I am having performance issues with my relational database when I scale up the data I use in it. I have tried analyzing my queries and tuning them, but am wondering is my actual model the issue. I have talked to a few people and when I tell them I am dealing with millions of rows of data they all just say 'go the NoSQL route'. I know very little about NoSQL but to me my needs best fit a relational model, so any advice I can glean from here would be much appreciated.
My application is a web app that allows users upload research papers and publications and search them using predefined keywords. Papers can be grouped in libraries, and each paper will contain a collection of sections. The system will allow the user to view:
1. For each paper, the number of sections, and words in the paper. The number of matches that paper has against the keyword list.
2. For each section, the number of words, and the text of all sentences that contain matches against the keyword list..
3. For each library, the number of papers in the library, and the number of matches of all papers in the library against the keyword list.
The application is effectively a 'keyword' mining tool for papers, and really allows the user ask questions such as 'Show me the sentences from Section 1 that match keywords "XXX, YYY"".
I have structured my relational model so that I have, the following tables (interesting columns are listed)

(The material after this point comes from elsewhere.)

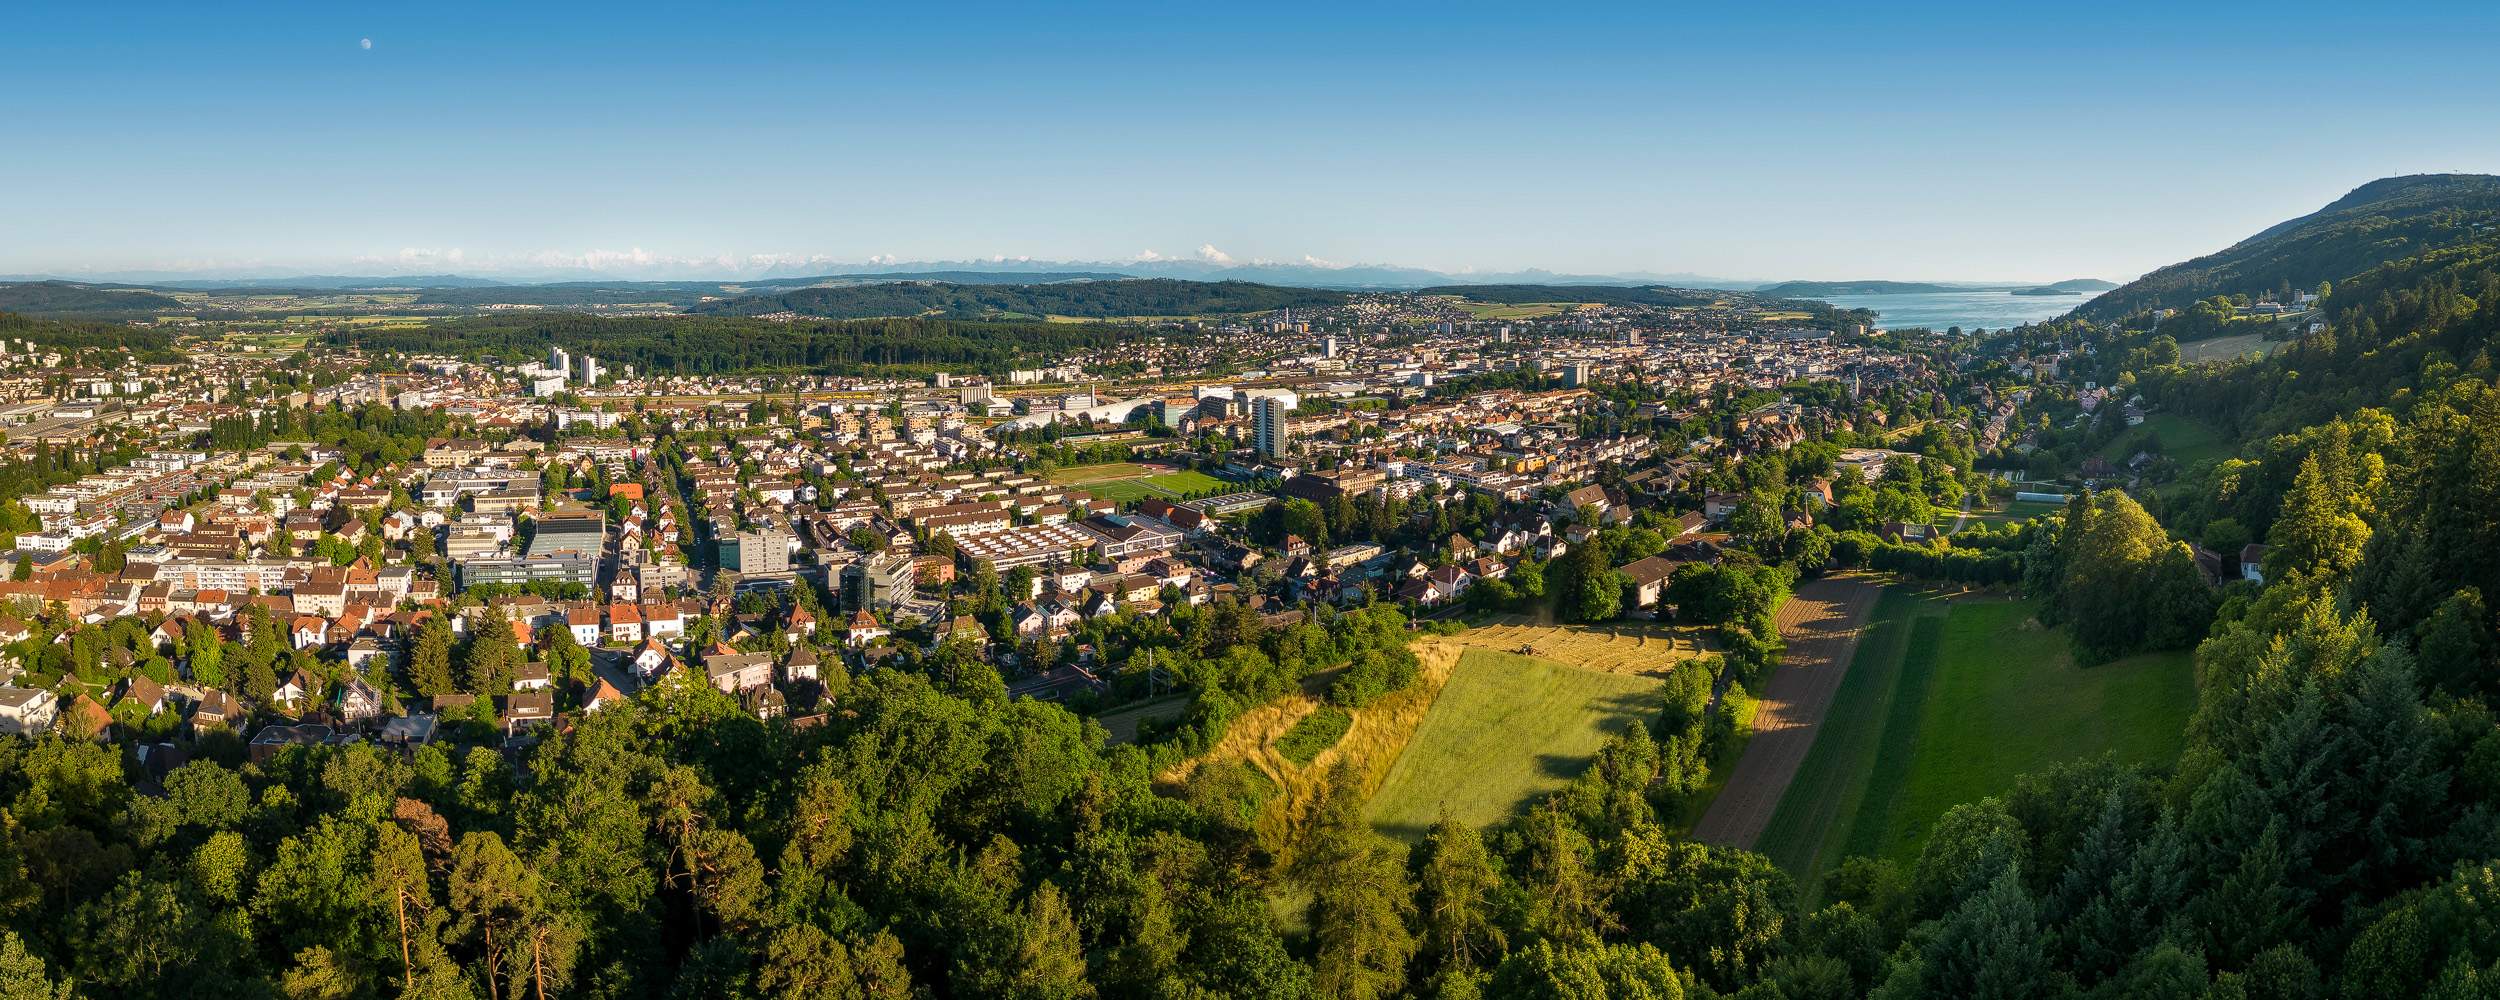 Stadt Biel-Bienne - Luftaufnahme

Paper : Title, Word Count, LibraryId
Section: Title, Word Count, PaperId
Sentence: WordCount, Text, SectionId
KeyWordHit: KeyWord, SentenceId
This all works fine at small scale, but when I start testing at large scale, as in thousands of Users, each which hundreds of books, the queries really start to slow down.
I really want to prioritize read time over write time but it seems that no matter what I do with my indexing I always end up having issues with disk reads taking a long time when trying to retrieve the sentences that contain specific keywords in a book or over a whole library.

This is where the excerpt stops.